Состояние Бакача тем временем ухудшилось: он заболел воспалением легких, у него поднялась высокая температура. А Жужика рассказывала о том, что по протекции ее папаши мужа после выписки из госпиталя назначат на работу в министерство внутренних дел, где он будет выполнять спецзадания.
— Спецзадания? Что это такое? — спросила Андреа у Чабы.
— Отец никогда не объяснял тебе этого? — Девушка покачала головой. — Наше правительство договорилось с немцами, а те, вернее, их командование отдало приказ о депортации евреев. Многие сотни тысяч людей будут вывезены в Германию.
— Об этом я слышала. — Андреа достала из шкафа белый халат, надела его. — Застегни, пожалуйста. Так что же такое спецзадание?

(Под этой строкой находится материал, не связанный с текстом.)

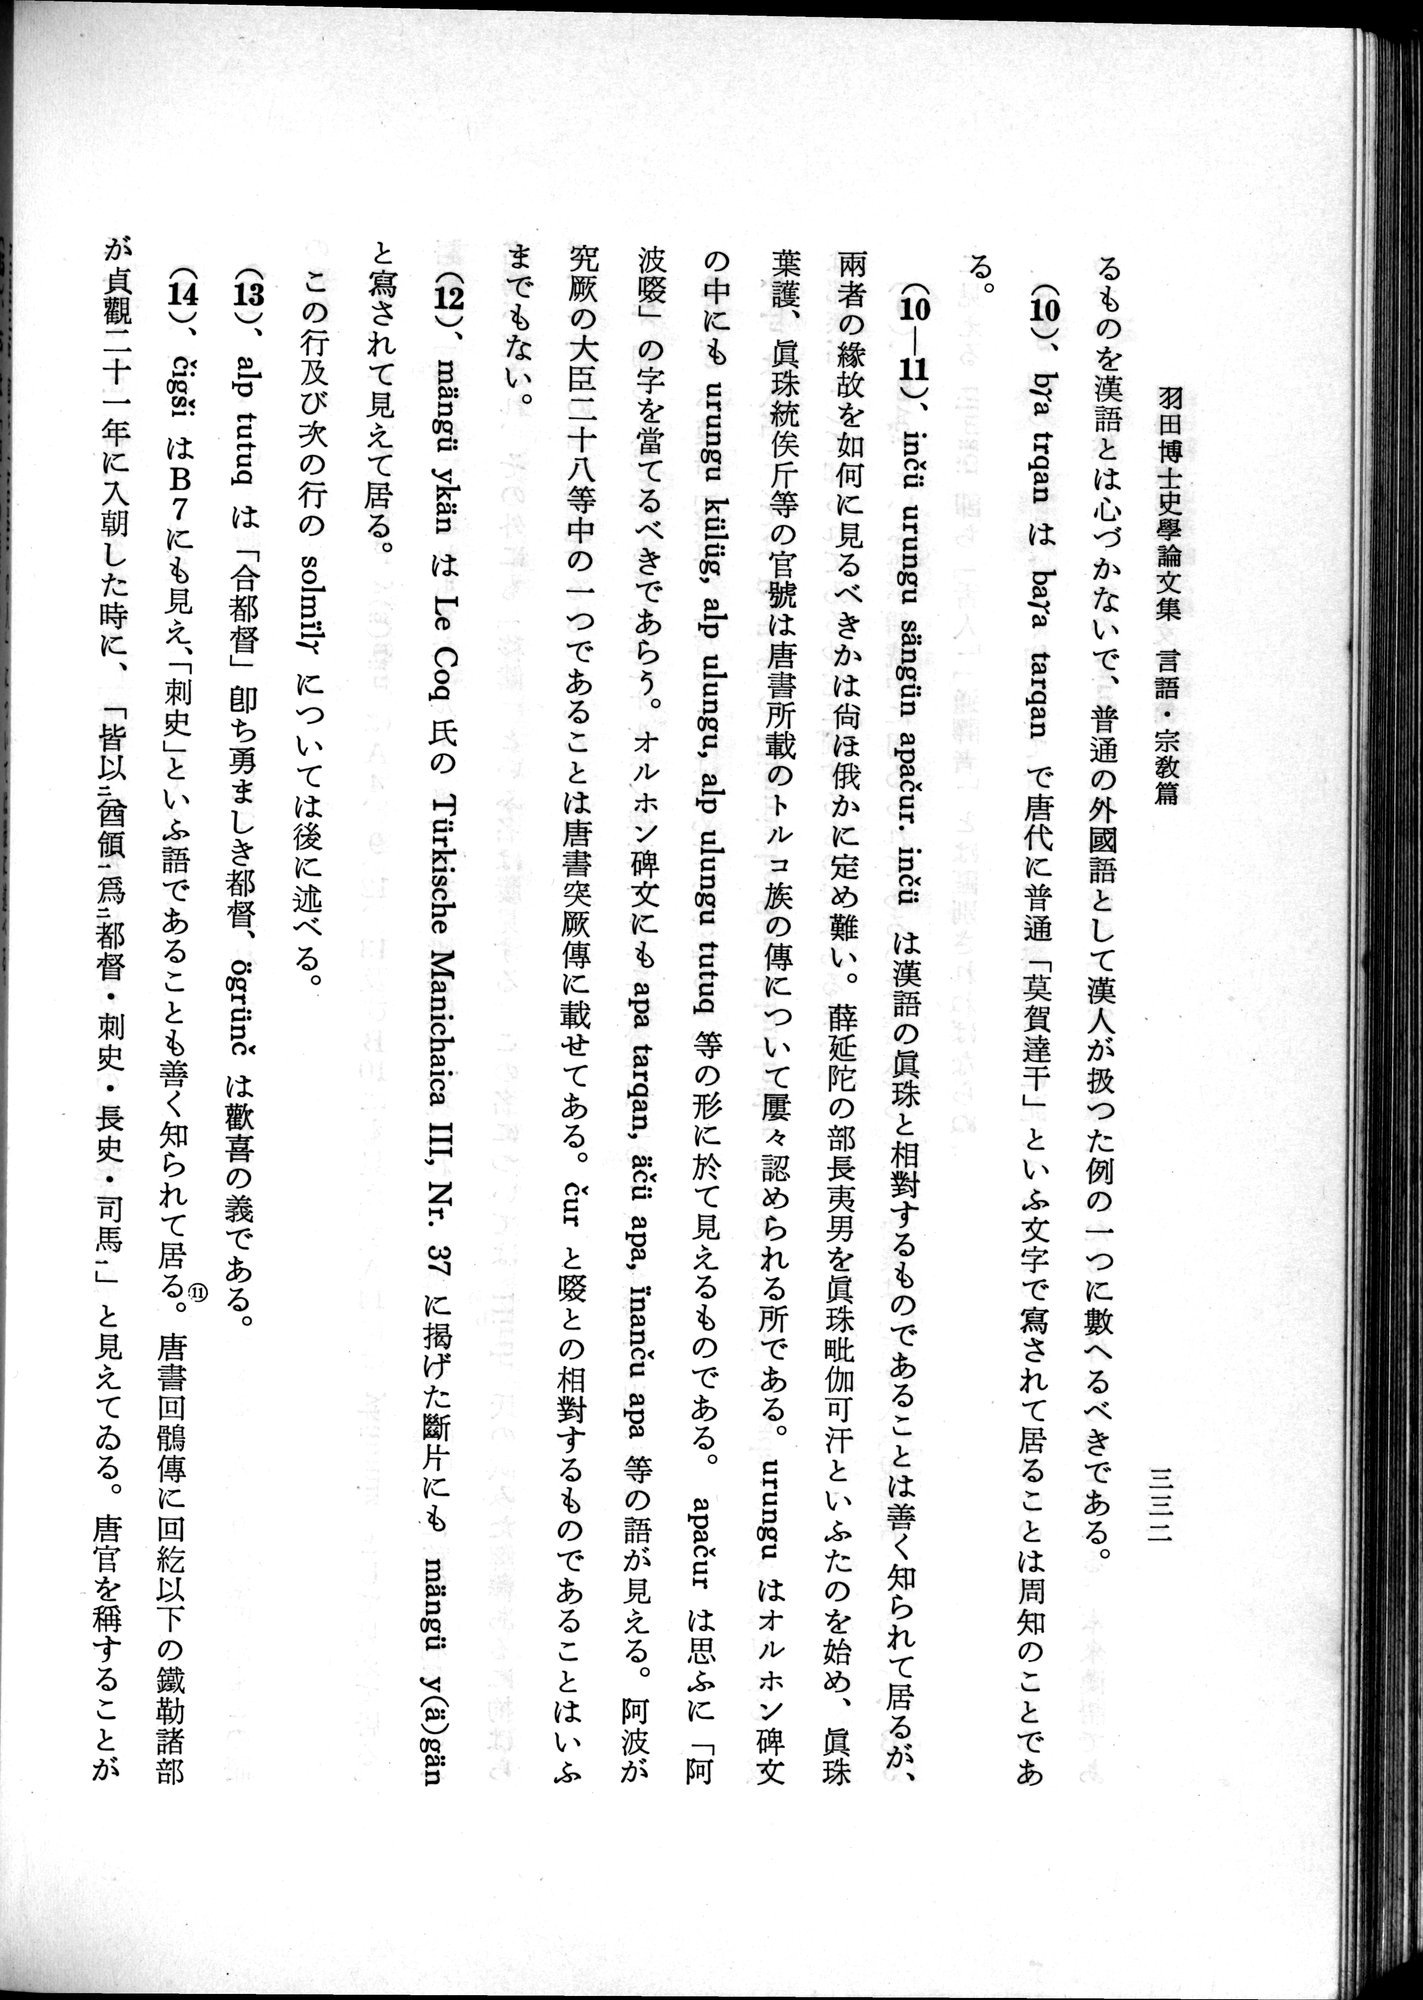 羽田博士史学論文集 : vol.2 / 394 ページ（白黒高解像度画像）
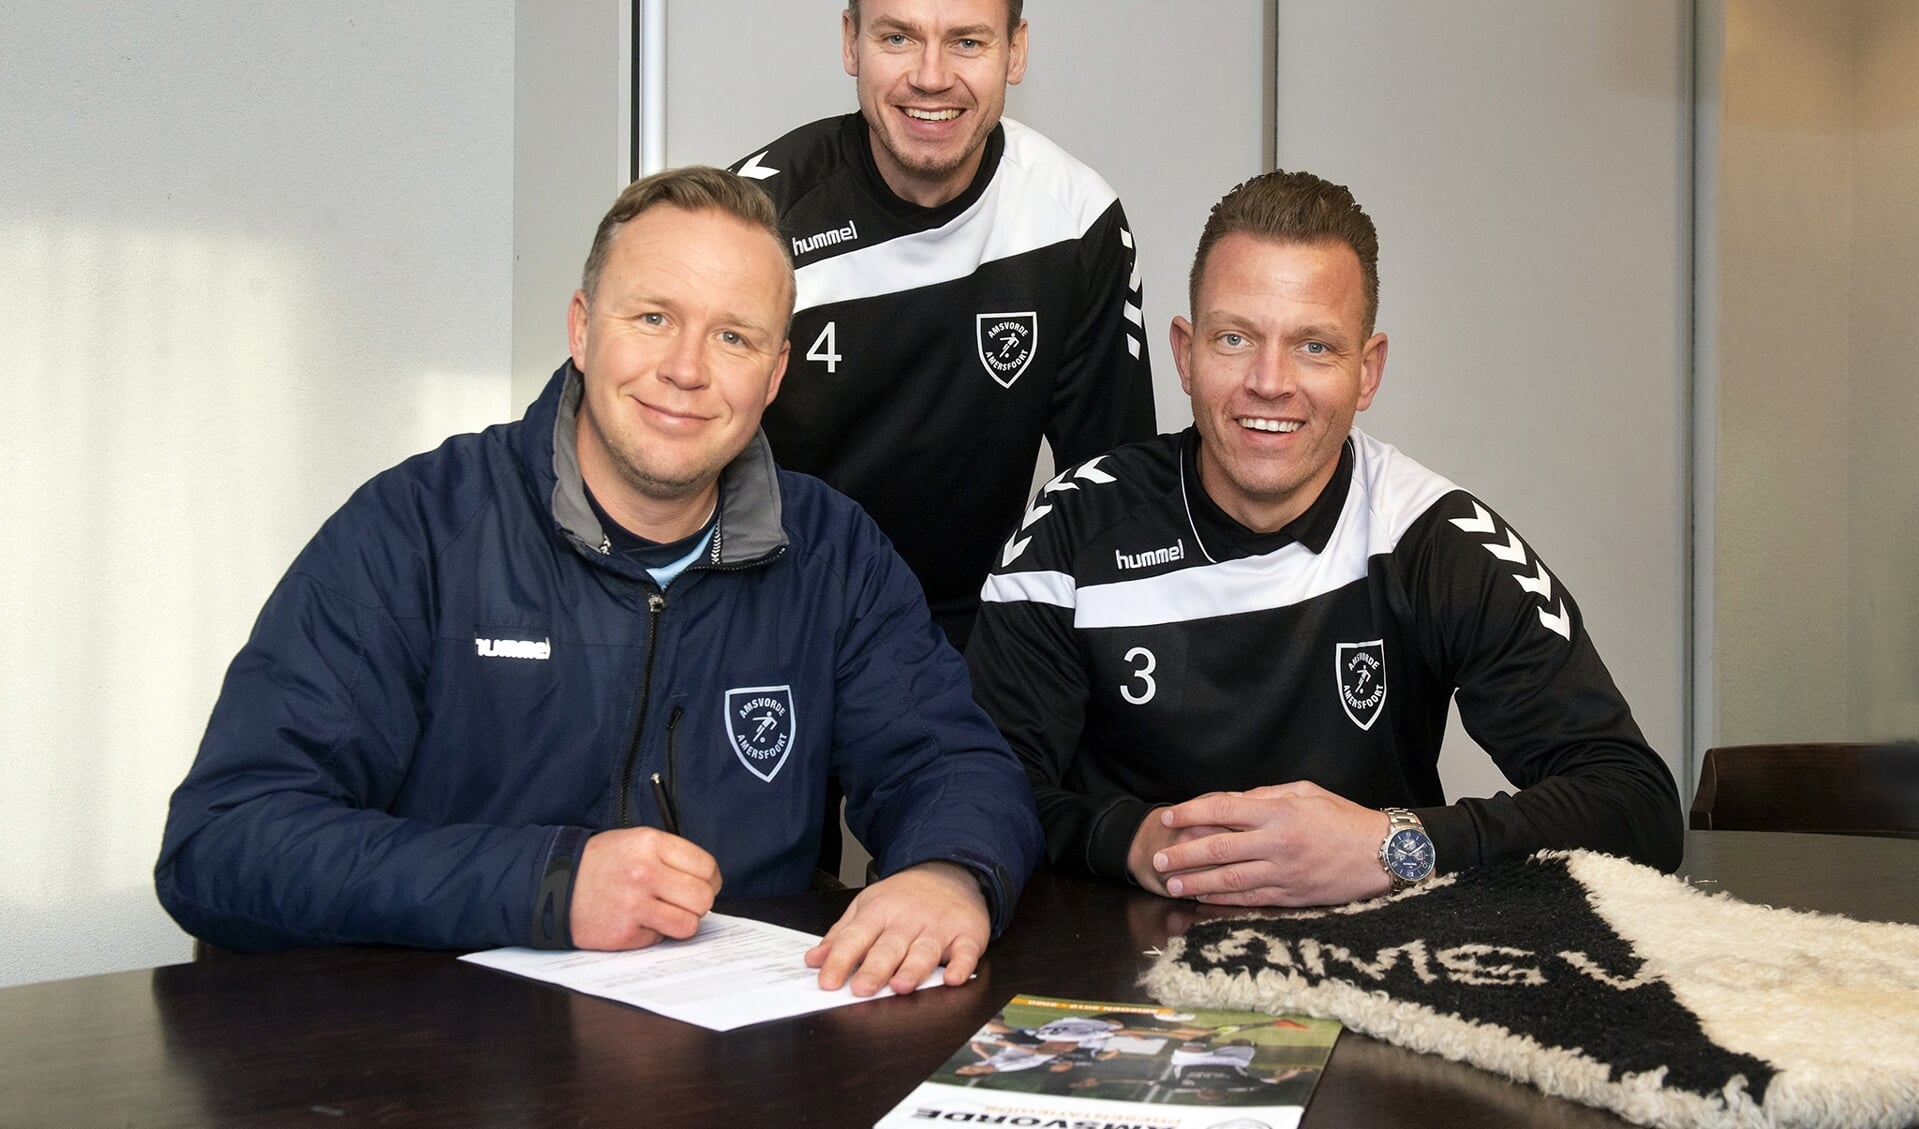 Hoofdtrainer Rik Klement (links) heeft zijn contract met nog een jaar verlengd. Danny de Graaf (rechts) en Jeffrey van de Wijngaard (midden) gaan het bestuur in.

— Для организации и проведения депортации нужны люди, — начал объяснять Чаба. — Далеко не каждый человек возьмется за такую работу. К тому же немцы боятся, что некоторые могут посочувствовать евреям, а Бакач, как видно, вполне надежный человек в этом отношении. — Чаба обнял девушку за плечи и, прижав к себе, поцеловал сначала в шею, затем в голову. — Хорошо было бы на несколько недель исчезнуть куда-нибудь.
— Давай исчезнем. Все равно то, что мы с тобой тут делаем, не ахти какое благое дело. Всех, кого мы вылечим, снова отправят на фронт.
Чаба молча обнял девушку и, закрыв глаза, не сказал, а скорее выдохнул:
— Я люблю тебя.
Андреа стояла не шевелясь. «Уж если Чаба заговорил о любви, то, значит, что-то случилось». Она даже не могла вспомнить, когда он в последний раз говорил ей о своих чувствах. Высвободившись из объятий, она повернулась к Чабе лицом и спросила:
— Что случилось, мой дорогой?
— Просто я сказал, что люблю тебя. Я не хотел бы, чтобы ты об этом забывала. — Он закурил. — Утром, когда район снова бомбили, одна из бомб попала в соседний дом, и он рассыпался. Вот я и подумал: если бы бомба попала в наш дом и меня засыпало бы, было бы очень обидно, что я не попрощался с тобой, не сказал тебе еще раз о своей любви. — Он сел в шезлонг, откинулся на спинку. — Теперь я всегда буду вот так прощаться с тобой: «Андреа, сервус! Я люблю тебя!»
Андреа оперлась о письменный стол, опустила одну руку в карман халата:
— С отцом ты говорил?
— Пока еще нет. Ты же знаешь, что мне к десяти нужно в министерство идти. А почему ты спросила? Он звонил?
— Ночью он с кем-то встречался. Домой вернулся на рассвете. Очень встревоженный. Мне он только сказал, что дядюшку Вальтера застрелили.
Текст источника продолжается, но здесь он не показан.